DATA SECTION:

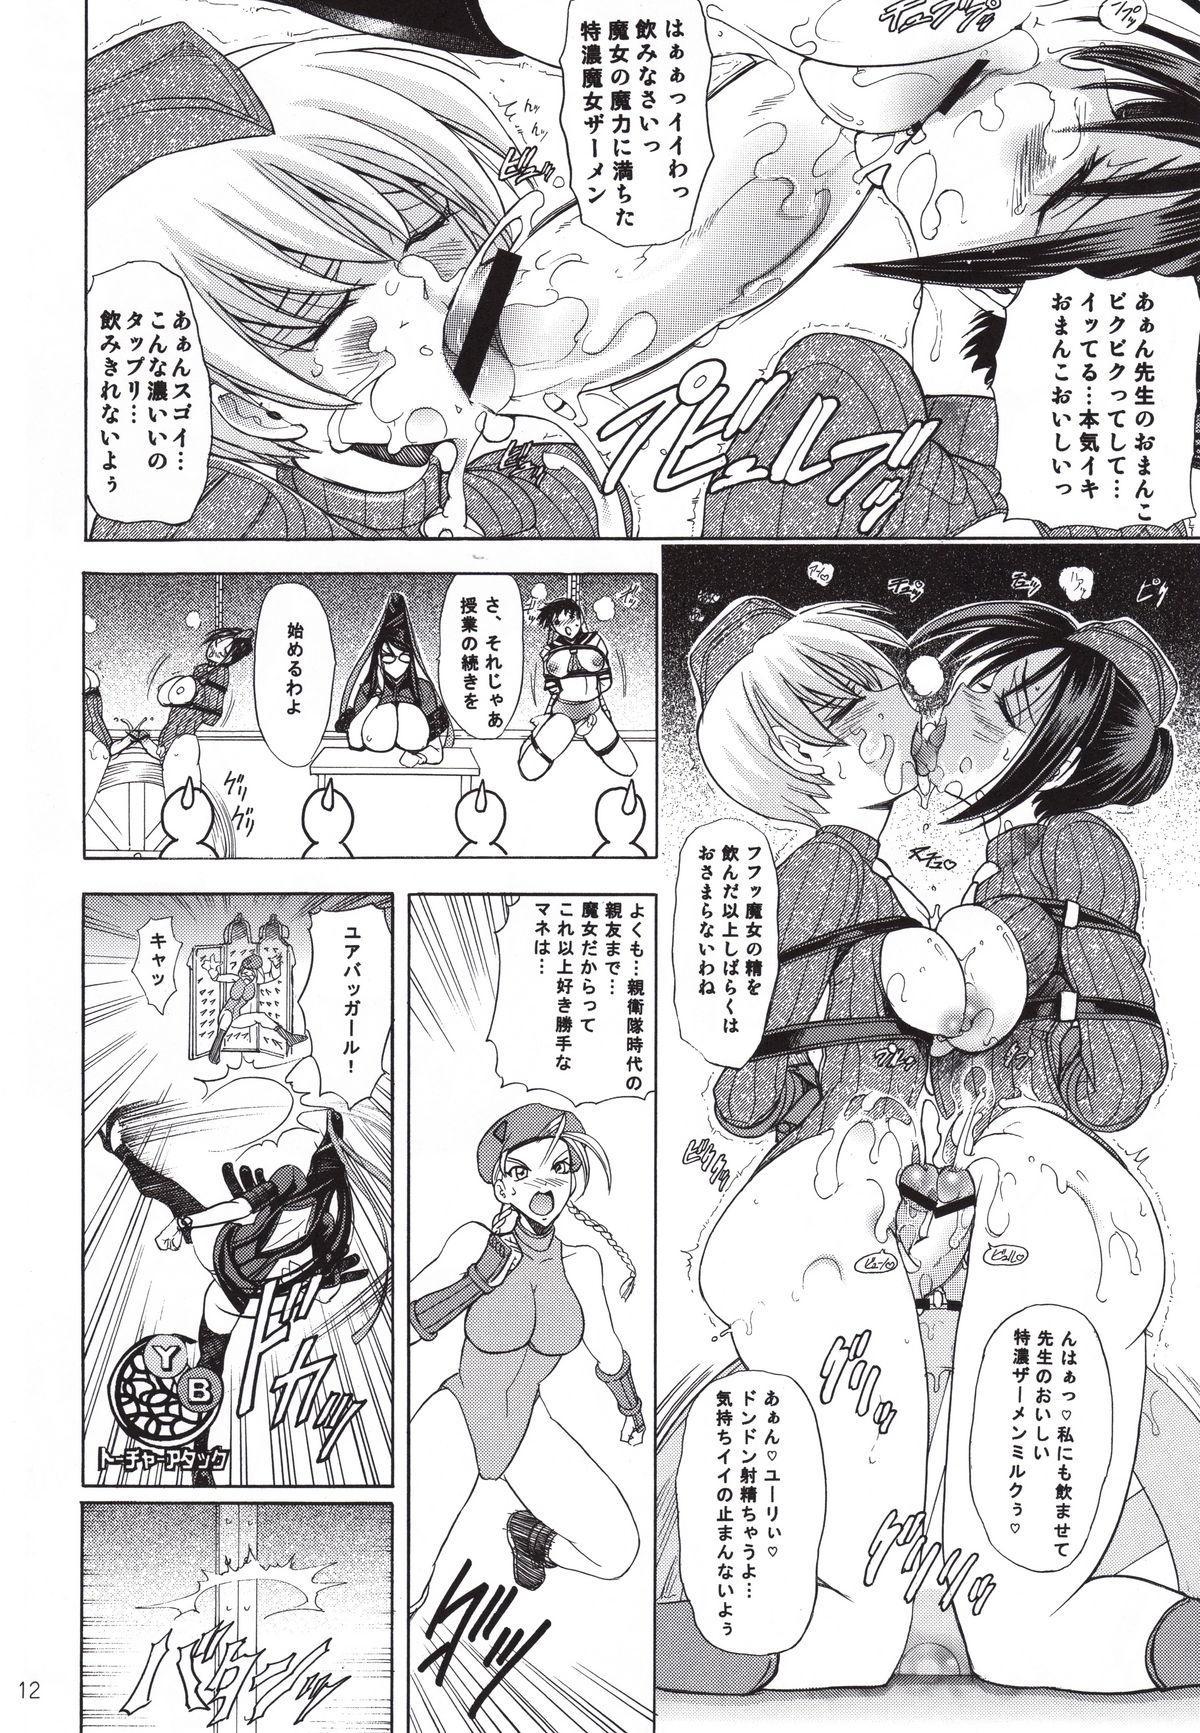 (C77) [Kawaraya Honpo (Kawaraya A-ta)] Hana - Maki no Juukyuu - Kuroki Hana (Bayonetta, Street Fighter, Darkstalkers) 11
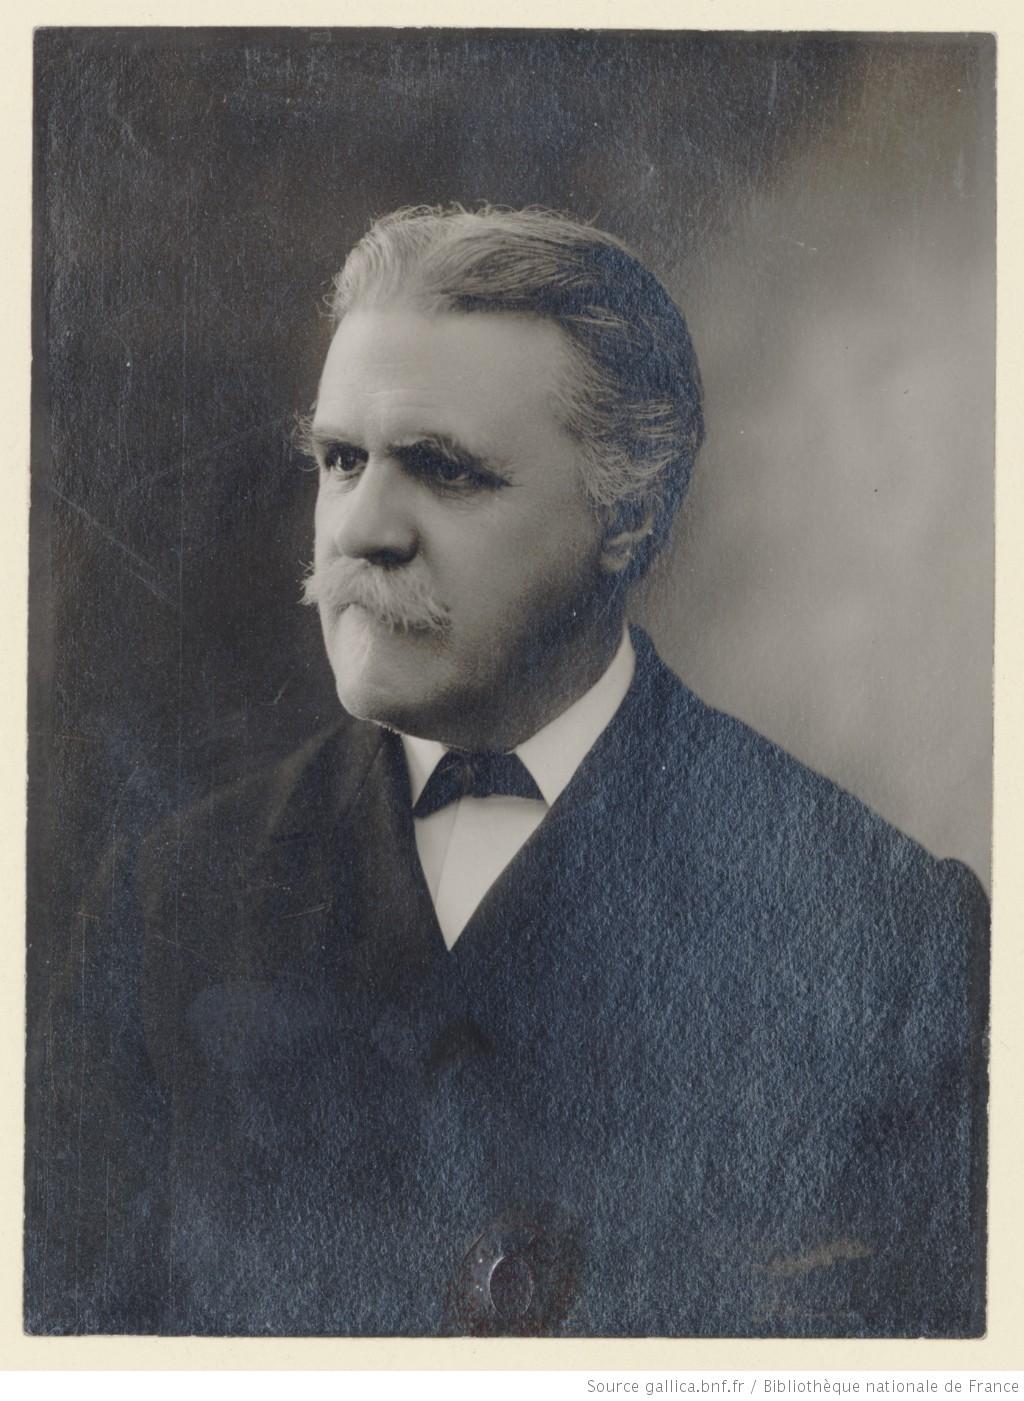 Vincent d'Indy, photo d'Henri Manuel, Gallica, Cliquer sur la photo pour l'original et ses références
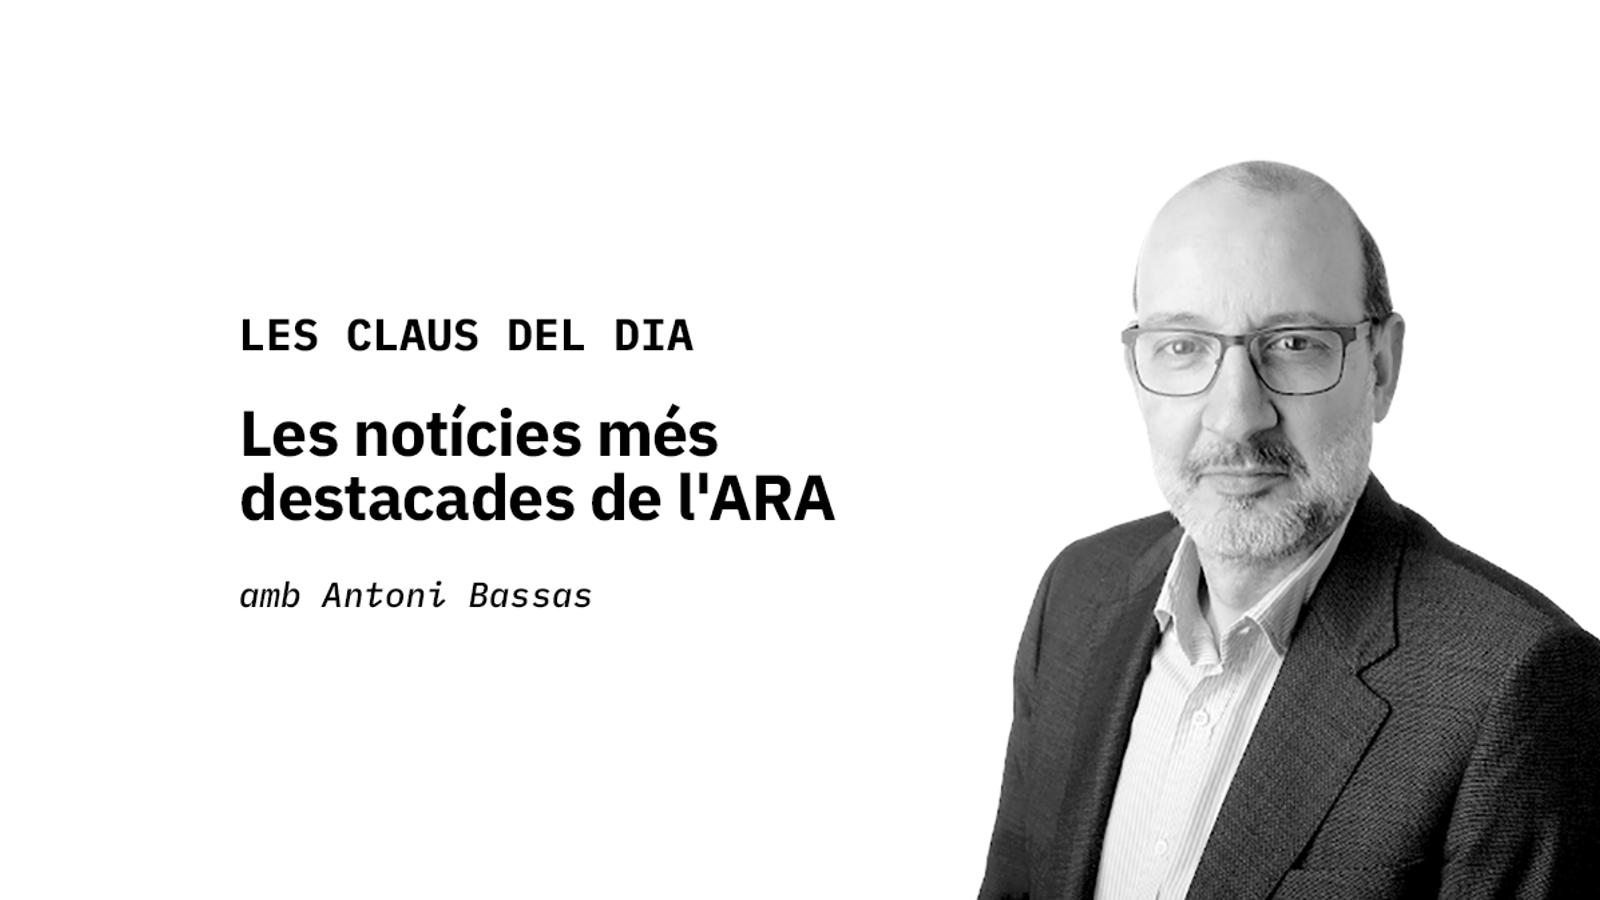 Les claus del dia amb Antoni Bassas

REQUIRED ACTION: Quote all the lines above exactly as given. Do not include the pictures.

SOLUTION FOR THIS PROBLEM:
 (C77) [Kawaraya Honpo (Kawaraya A-ta)] Hana - Maki no Juukyuu - Kuroki Hana (Bayonetta, Street Fighter, Darkstalkers) 11
 Vincent d'Indy, photo d'Henri Manuel, Gallica, Cliquer sur la photo pour l'original et ses références
 Les claus del dia amb Antoni Bassas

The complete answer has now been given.